Larry E. Patterson, MD is medical director of Eye Centers of Tennessee and the Cataract and Laser Center in Crossville, Tenn., and is past president of the Outpatient Ophthalmologic Surgery Association.
Q: What has been the effect of technology on ophthalmologic ambulatory surgery centers?
Larry Patterson: Perhaps the biggest change was the advent of phacoemulsification for cataract surgery, which took many years to gain acceptance. In the early 1980s, only 15 percent of the cataract surgeons were using this technology. Now everybody uses it. It would be hard to find a new technological change today that will have that kind of impact.
Q: What is the impact of premium intraocular lens implants?
LP: Premium IOLs can make you less dependent on glasses, but they are not going to make you see any better. In addition, multifocal lens implants have certain side affects, such as halos at night, and accommodative implants also have limitations. The extra charge for a premium IOL ranges from $1,000-$3,000. This can include touch-up surgeries or other follow-up for a year afterwards.
Q: What is the conversion rate for premium IOLs?
LP: Nationally, somewhat less than 10 percent of cataract patients convert to premium IOLs rather than ordering regular IOLs. At my practice the conversion rate has been about 15 percent, but it can range all over the place, from as much as 60 percent in some practices to as little as zero in practices where physicians and staff don't even bring up premium IOLs.
Q: What impact will the femtosecond laser have?
LP: The femtosecond laser is an awesome piece of technology. It means that all corneal incisions can be precut and the capsulorhexis can be made perfectly round at whatever size desired. Without the femtosecond, you have to make it by hand. And finally, the femtosecond can break up and soften the nucleus, so you can remove it faster and with less energy. This causes less damage to the cornea and means there should be fewer complications.
Q: What about the cost?
LP: The cost of the femtosecond laser is an obvious downside. Right now it is around the half-million-dollar mark, though eventually the price might come down due to competition. There are at least four systems that are partially or fully approved by the FDA.
There is one additional cost aspect, however: the use of a per-click fee, an extra payment to the manufacturer each time the device is used. Companies are already charging a per-click fee of $100-$250 for LASIK and the word is that the femtosecond laser may cost several hundred dollars per click.
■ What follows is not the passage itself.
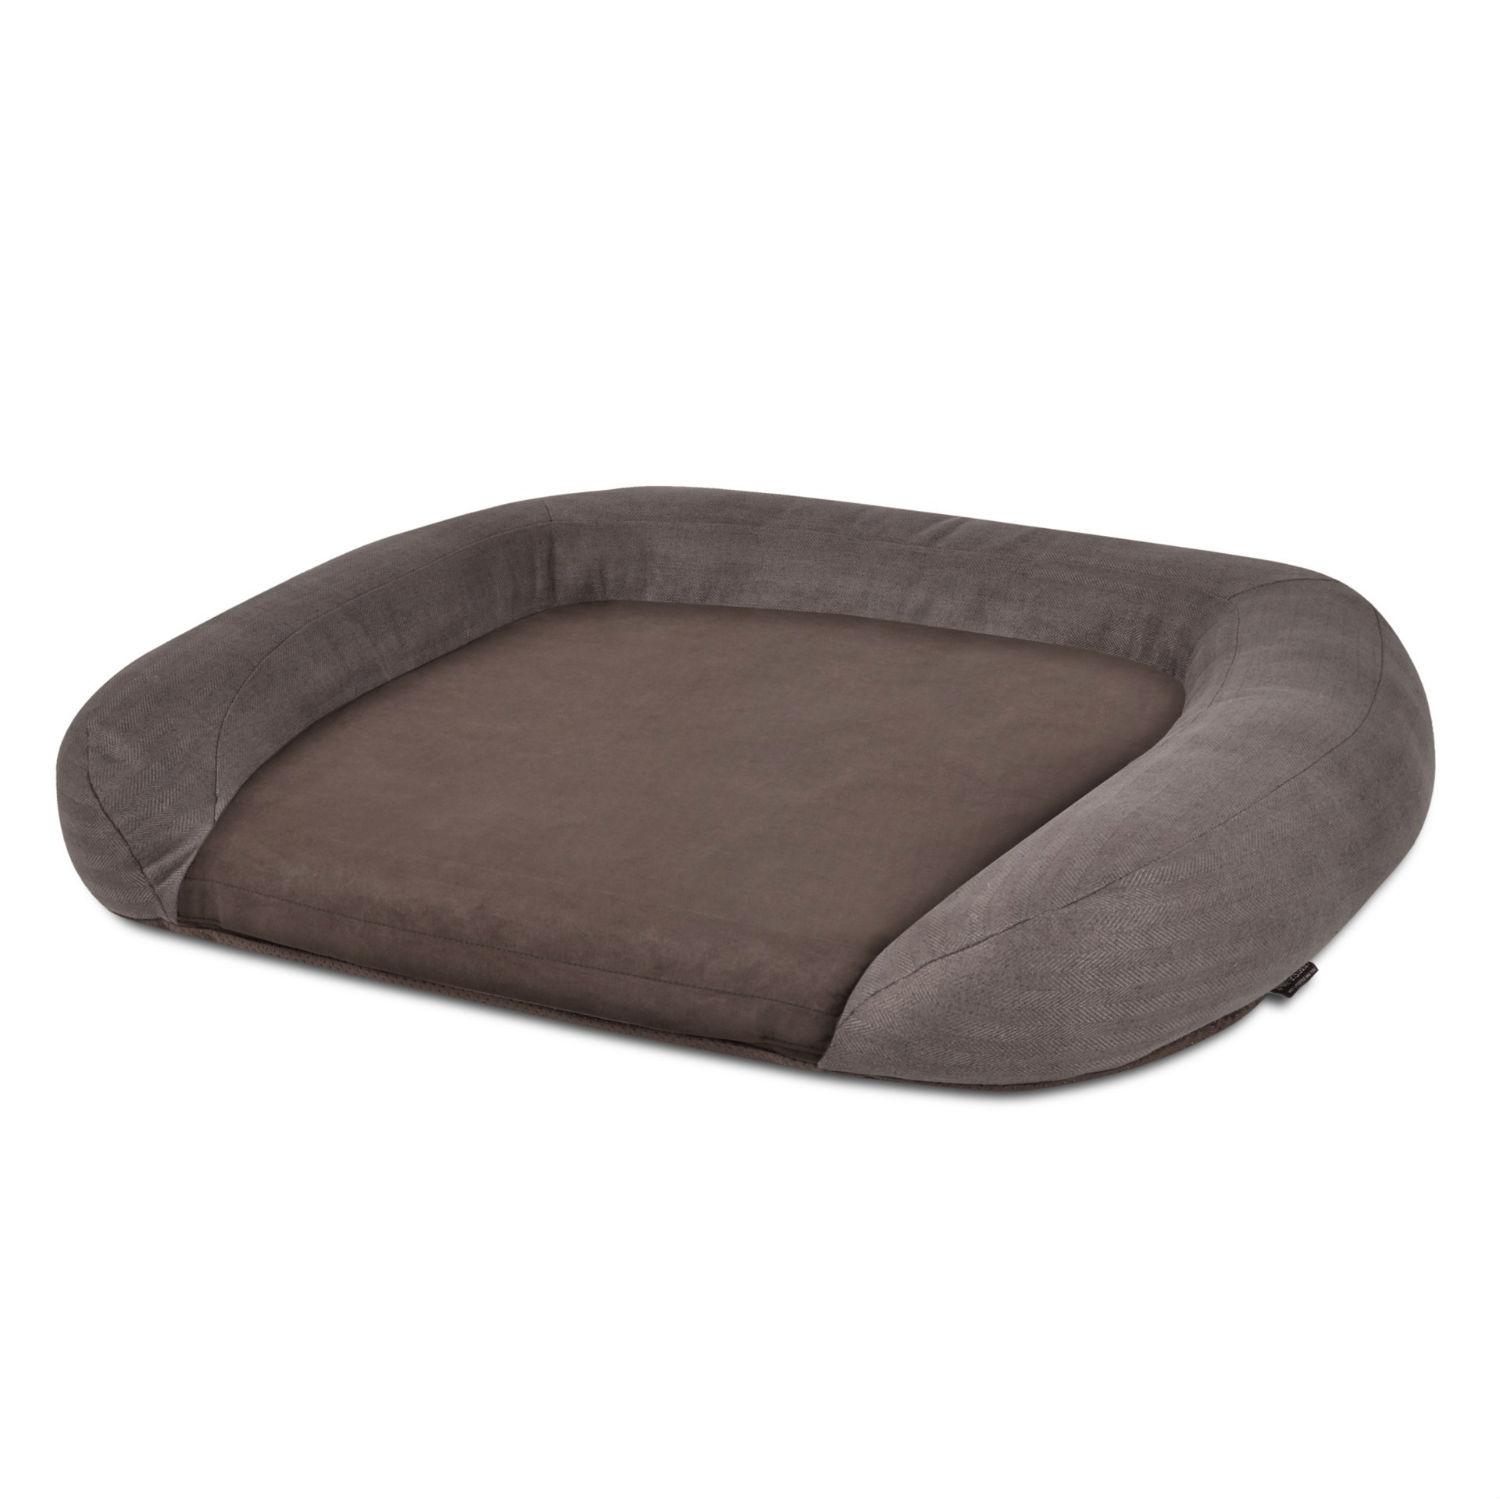 P.L.A.Y. California Dreaming Memory Foam Lounger Dog Bed - Big Sur Brown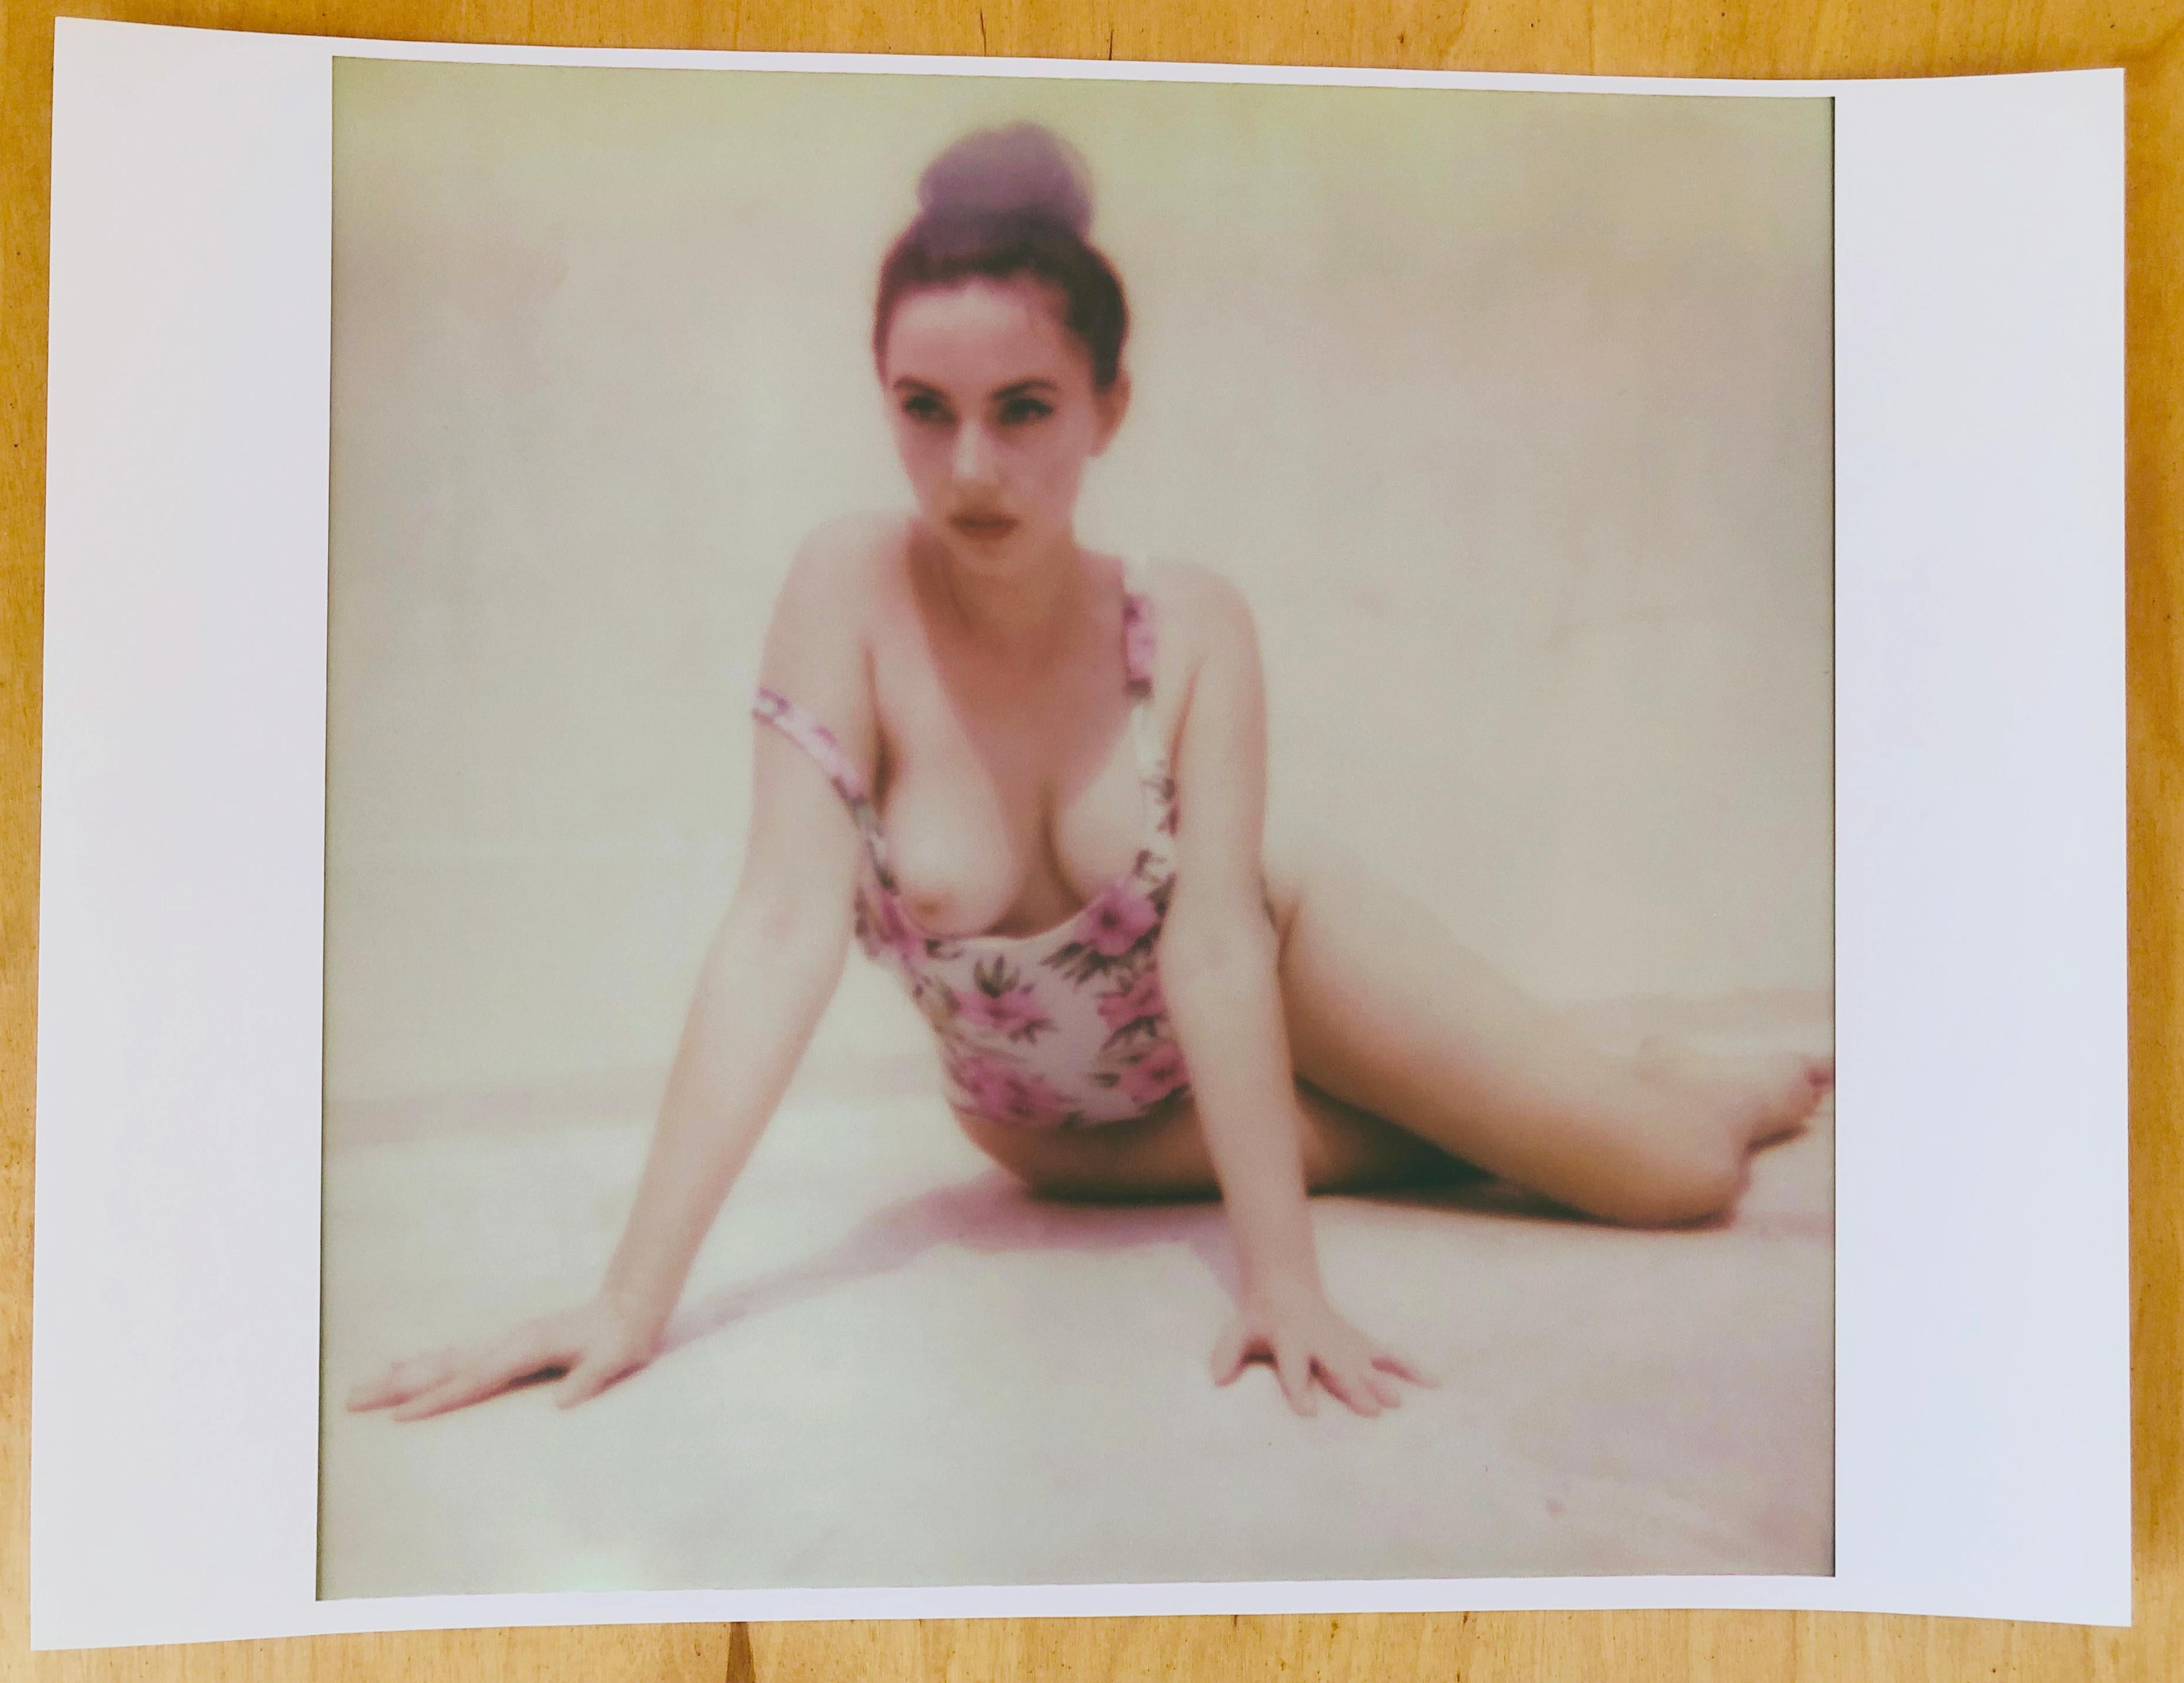 The Bathing Suit - Nude, Polaroid, Contemporary - Photograph by Sven van Driessche

Q: Will Medicare pay for the additional costs of the femtosecond laser?
LP: Medicare, which covers most cataract removals, currently pays a fixed fee for each procedure that is not enough to cover the extra expenses of the femtosecond laser. In the future, CMS may allow ophthalmologists to charge the patient extra for femtosecond, as it now does for premium IOLs. But in this uncertain reimbursement climate, that may not be possible.
Q: Who is using the femtosecond laser at this point?
LP: Only a few of these devices have been distributed. My impression is the physicians who already have the femtosecond laser either have an investment in the company or participated in the clinical trial to get them approved. The initial expense is huge and the secondary expense is significant.